(EXTRACTED MATERIAL begins)

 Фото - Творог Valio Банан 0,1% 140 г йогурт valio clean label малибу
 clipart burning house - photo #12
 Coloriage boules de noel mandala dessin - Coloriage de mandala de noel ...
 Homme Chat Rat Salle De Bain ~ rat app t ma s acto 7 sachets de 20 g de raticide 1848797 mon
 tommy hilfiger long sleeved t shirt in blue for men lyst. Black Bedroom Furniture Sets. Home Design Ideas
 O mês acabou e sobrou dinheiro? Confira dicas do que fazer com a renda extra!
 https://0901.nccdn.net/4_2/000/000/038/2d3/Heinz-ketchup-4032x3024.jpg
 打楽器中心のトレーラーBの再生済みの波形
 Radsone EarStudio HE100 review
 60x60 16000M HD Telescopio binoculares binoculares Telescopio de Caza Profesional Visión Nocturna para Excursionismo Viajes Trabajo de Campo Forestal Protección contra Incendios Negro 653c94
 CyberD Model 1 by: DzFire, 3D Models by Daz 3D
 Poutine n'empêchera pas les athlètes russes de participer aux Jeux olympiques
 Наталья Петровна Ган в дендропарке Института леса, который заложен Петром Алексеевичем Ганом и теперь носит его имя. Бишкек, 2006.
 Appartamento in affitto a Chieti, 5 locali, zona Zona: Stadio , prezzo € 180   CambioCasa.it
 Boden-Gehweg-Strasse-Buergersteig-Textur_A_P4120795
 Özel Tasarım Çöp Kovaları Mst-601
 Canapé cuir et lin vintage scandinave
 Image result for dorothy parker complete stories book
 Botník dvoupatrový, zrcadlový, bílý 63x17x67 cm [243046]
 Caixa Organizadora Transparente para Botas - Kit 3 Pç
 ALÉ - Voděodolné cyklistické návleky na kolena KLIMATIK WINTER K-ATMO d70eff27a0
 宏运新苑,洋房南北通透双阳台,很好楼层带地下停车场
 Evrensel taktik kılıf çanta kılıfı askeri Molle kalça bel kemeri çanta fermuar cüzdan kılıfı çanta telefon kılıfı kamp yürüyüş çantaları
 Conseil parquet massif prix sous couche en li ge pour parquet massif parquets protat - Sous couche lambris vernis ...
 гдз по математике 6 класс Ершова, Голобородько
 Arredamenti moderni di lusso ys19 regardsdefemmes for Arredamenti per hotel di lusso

(EXTRACTED MATERIAL ends)

• _INSTRUCTIONS FOR THE TASK_
Using the data above, reproduce exactly the lines from the line that contains "clipart burning house - photo #12" through the line that contains "Наталья Петровна Ган", including both.

• _RESPONSE AREA_
 clipart burning house - photo #12
 Coloriage boules de noel mandala dessin - Coloriage de mandala de noel ...
 Homme Chat Rat Salle De Bain ~ rat app t ma s acto 7 sachets de 20 g de raticide 1848797 mon
 tommy hilfiger long sleeved t shirt in blue for men lyst. Black Bedroom Furniture Sets. Home Design Ideas
 O mês acabou e sobrou dinheiro? Confira dicas do que fazer com a renda extra!
 https://0901.nccdn.net/4_2/000/000/038/2d3/Heinz-ketchup-4032x3024.jpg
 打楽器中心のトレーラーBの再生済みの波形
 Radsone EarStudio HE100 review
 60x60 16000M HD Telescopio binoculares binoculares Telescopio de Caza Profesional Visión Nocturna para Excursionismo Viajes Trabajo de Campo Forestal Protección contra Incendios Negro 653c94
 CyberD Model 1 by: DzFire, 3D Models by Daz 3D
 Poutine n'empêchera pas les athlètes russes de participer aux Jeux olympiques
 Наталья Петровна Ган в дендропарке Института леса, который заложен Петром Алексеевичем Ганом и теперь носит его имя. Бишкек, 2006.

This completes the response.